It is uncomfortable but perfectly normal for women to experience discharge during pregnancy.
When it comes to pregnancy, mothers and their bodies take on many changes. Some are exciting, such as a baby bump. Some are less, such as the apparently increasingly smaller bladder. Then there are those you would rather not discuss with anyone else. Ladies, there is discomfort during pregnancy, but you don’t have to. Most women experience it in one form or another as a natural part of their nine month journey.
Good for Flowing – White Discharge during Pregnancy
Things under water are about to get wet and not just because you have to pee 17 times a day. Vaginal discharge is a healthy and normal part of the woman, one that speeds up blood flow during pregnancy. So, if you notice an increase, you don’t have to worry about anything. Higher estrogen levels, along with 30 to 50 percent more blood that flows through you (and circulates near your vagina), are behind the sudden increase in secretions.

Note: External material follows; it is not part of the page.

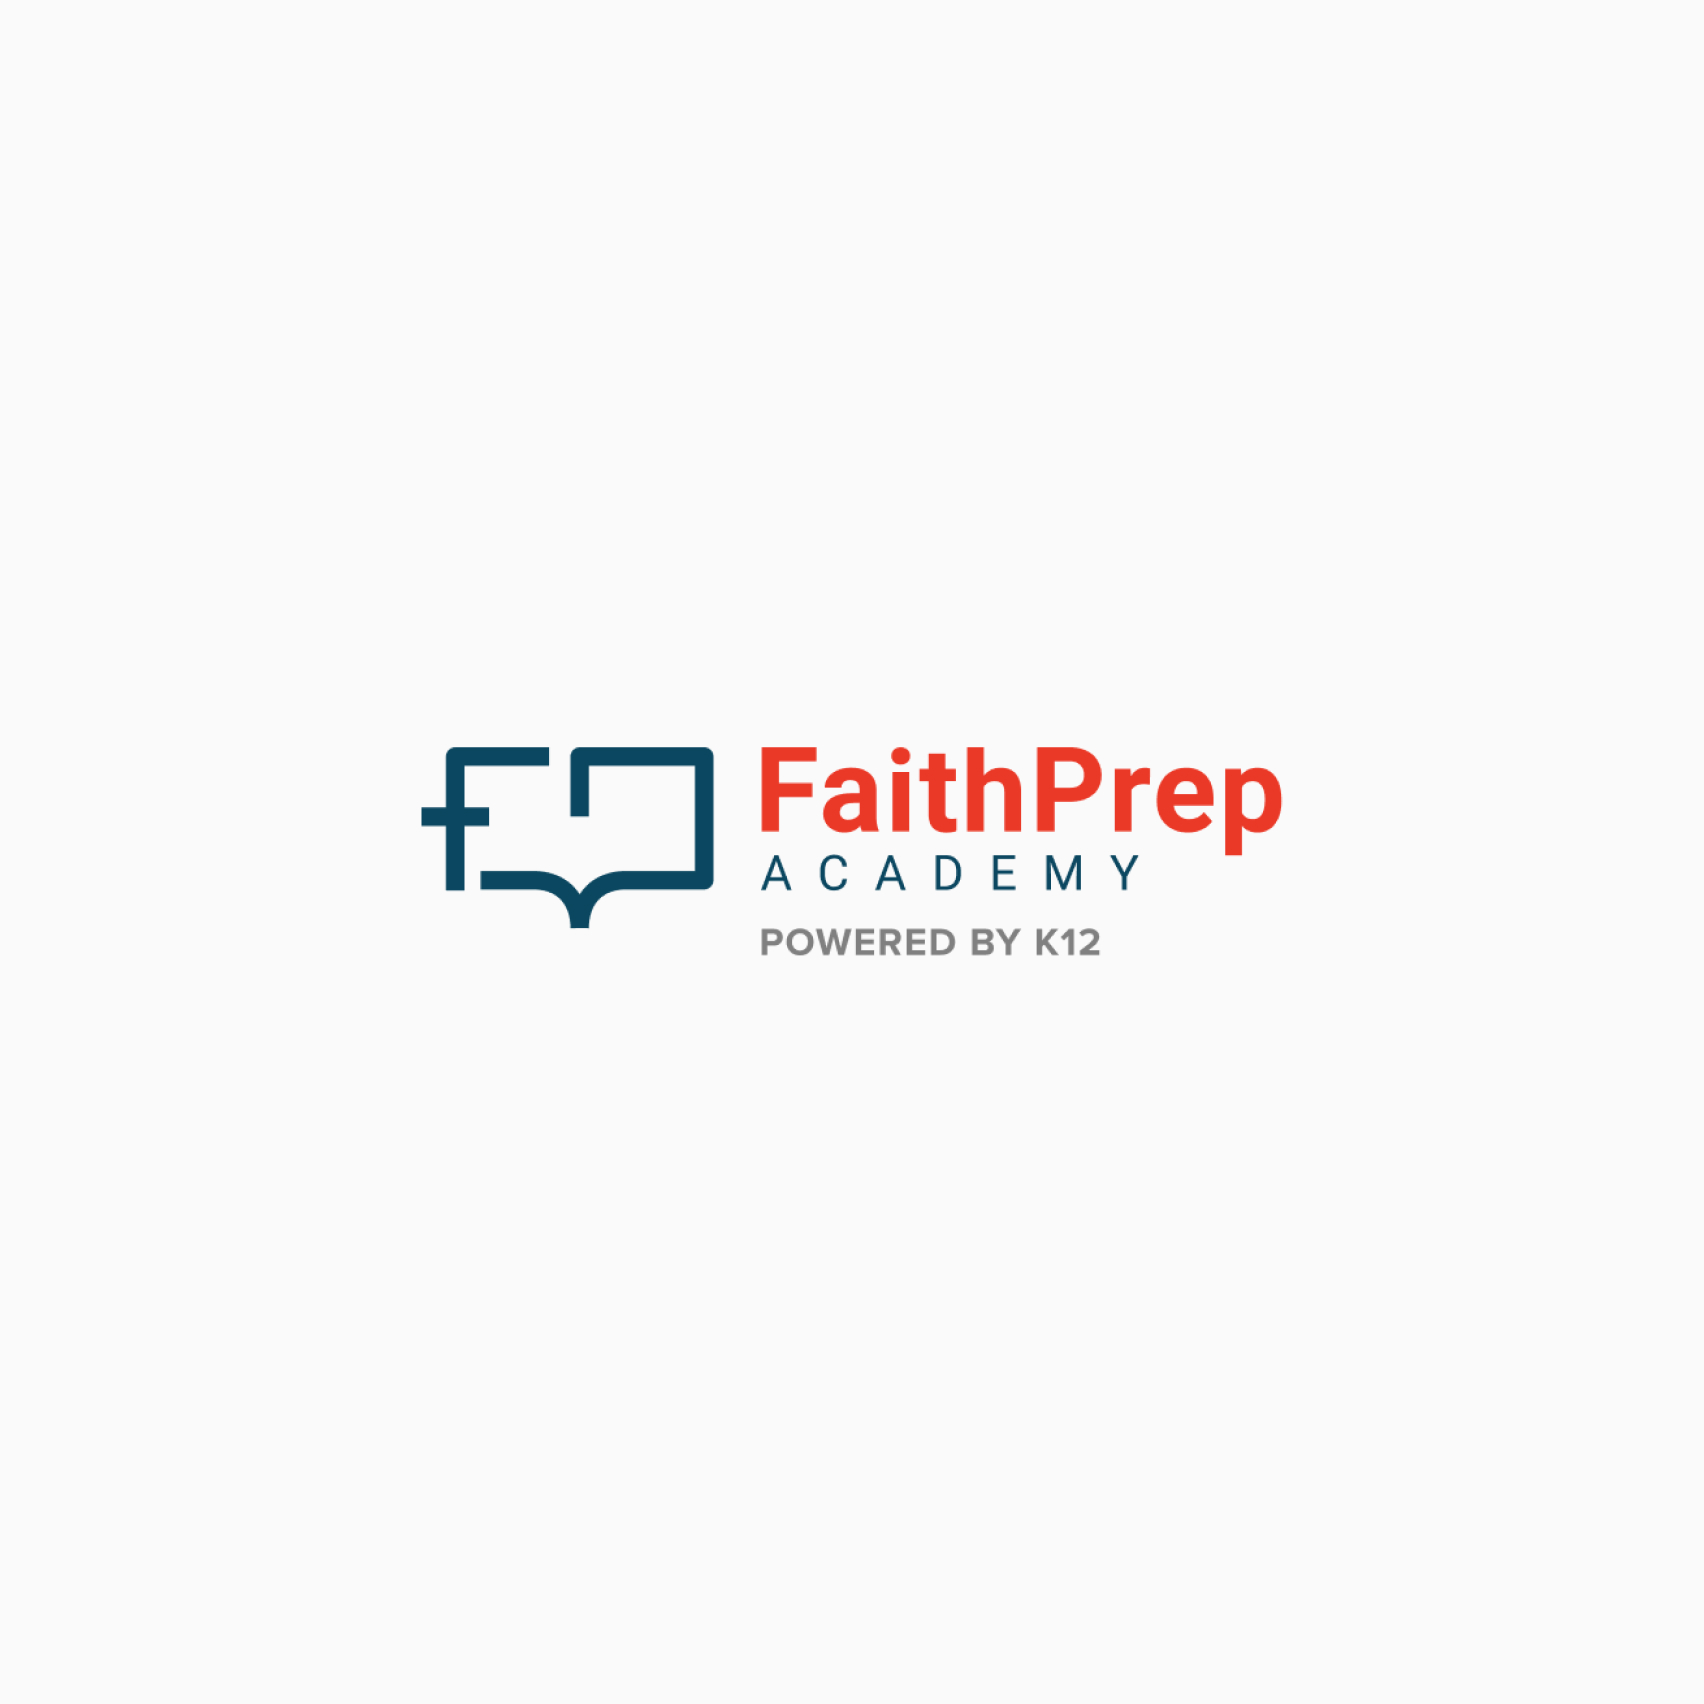 Online Private Schools image 11 (name Faith Prep)

Normal pregnancy discharge, what doctors call leukorrhea, is a mix of old cells from the vaginal walls and secretions from the vagina and cervix. You’ve probably seen leukorrhea before, so you know that the cream color and little to no odor are signs that everything is going well.
Pregnancy delivery does more than dampen your mood. The mucus plug forms at the start of pregnancy when secretions from your cervix form a barrier to protect the uterus against the non-sterile vagina.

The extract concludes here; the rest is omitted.